Cutler does not explicitly teach: ... providing a transcript pane with synchronous highlighting of words in the transcript during playback.
	
However, Ochshorn does teach: ... providing a transcript pane with synchronous highlighting of words in the transcript during playback.  (Ochshorn: Fig. 17 and ¶[0102]; Ochshorn teaches highlighting the words in the transcript synchronously with playback.)
Cutler and Ochshorn are in the same field of endeavor as the present invention, as the references are directed to extracting presentation content.  It would have been obvious, before the effective filing date of the claimed invention, to a person of ordinary skill in the art, to combine a system of extracting audio and visual content of a presentation and displaying to the user in an interface wherein the system further transcribes the audio portions of the meetings as taught in Cutler with highlighting the words in the transcript synchronously with playback as taught in Ochshorn.  Cutler already teaches transcribing the audio content.  However, Cutler does not explicitly teach highlighting the words in the transcript synchronously with playback.  Ochshorn provides this additional functionality.  As such, it would have been obvious to one of ordinary skill in the art to modify the teachings of Cutler to include teachings of Ochshorn because the combination would allow the user to clearly follow the presentation.
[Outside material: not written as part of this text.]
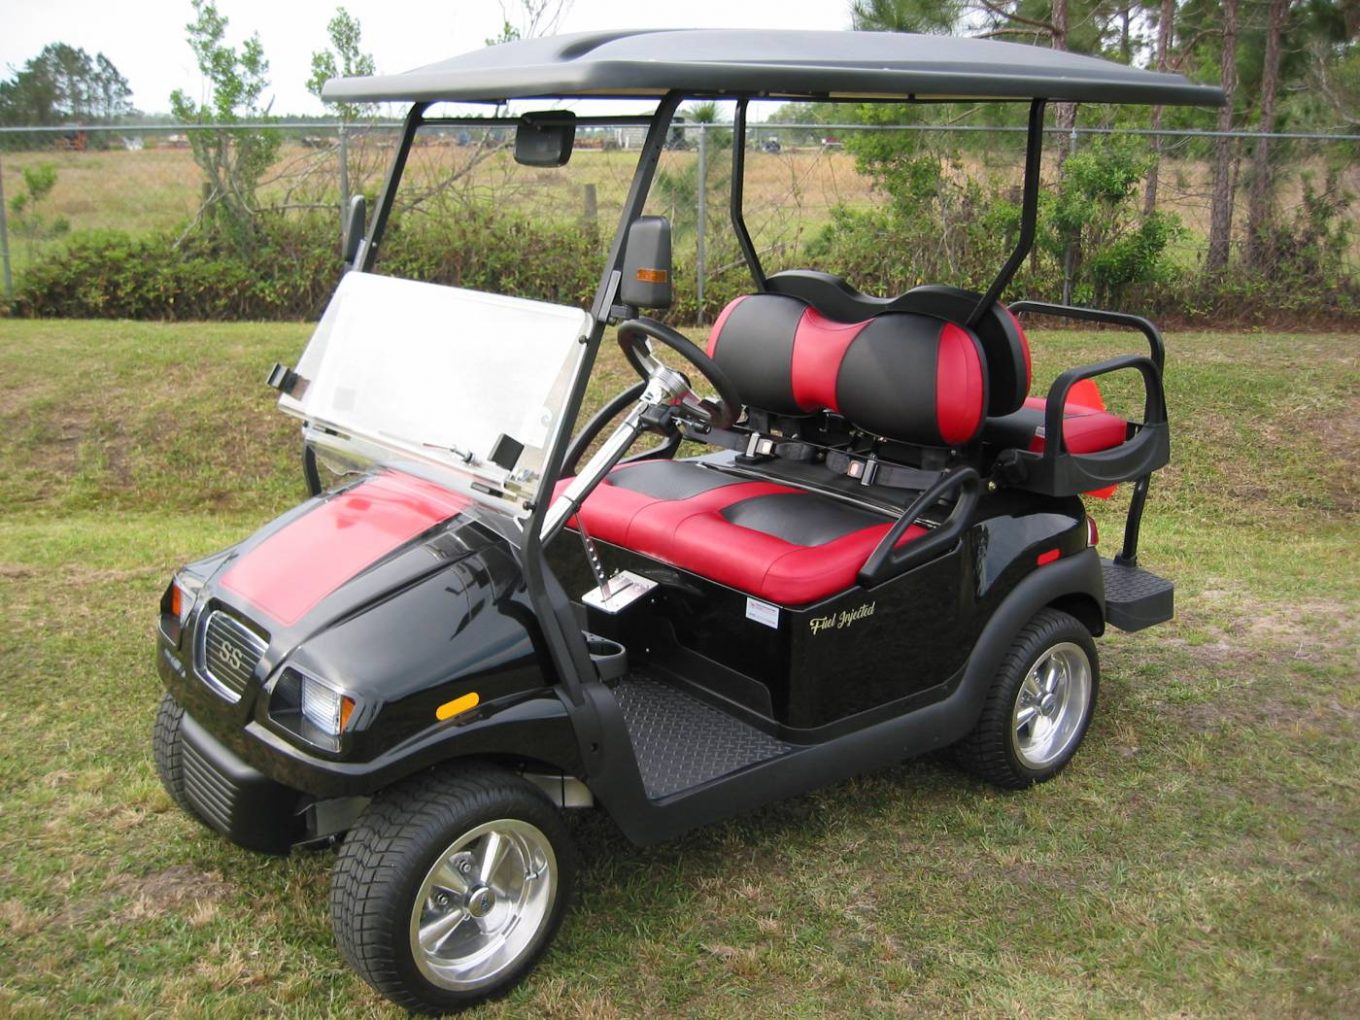 Who Makes Vitacci Golf Carts

Regarding claim 9, Cutler in view of Zhang in view of Ochshorn teaches the method of claim 8 (as cited above):

Cutler further teaches:
further comprising a word or topic search capability.  (Cutler: ¶[0143]; Cutler teaches key word searches to search the transcript.)




Claim 21 is rejected under 35 U.S.C. 103 as being unpatentable over Cutler in view of Zhang  in view of Lahade (US 2004/0239640 A1) hereinafter known as Lahade. 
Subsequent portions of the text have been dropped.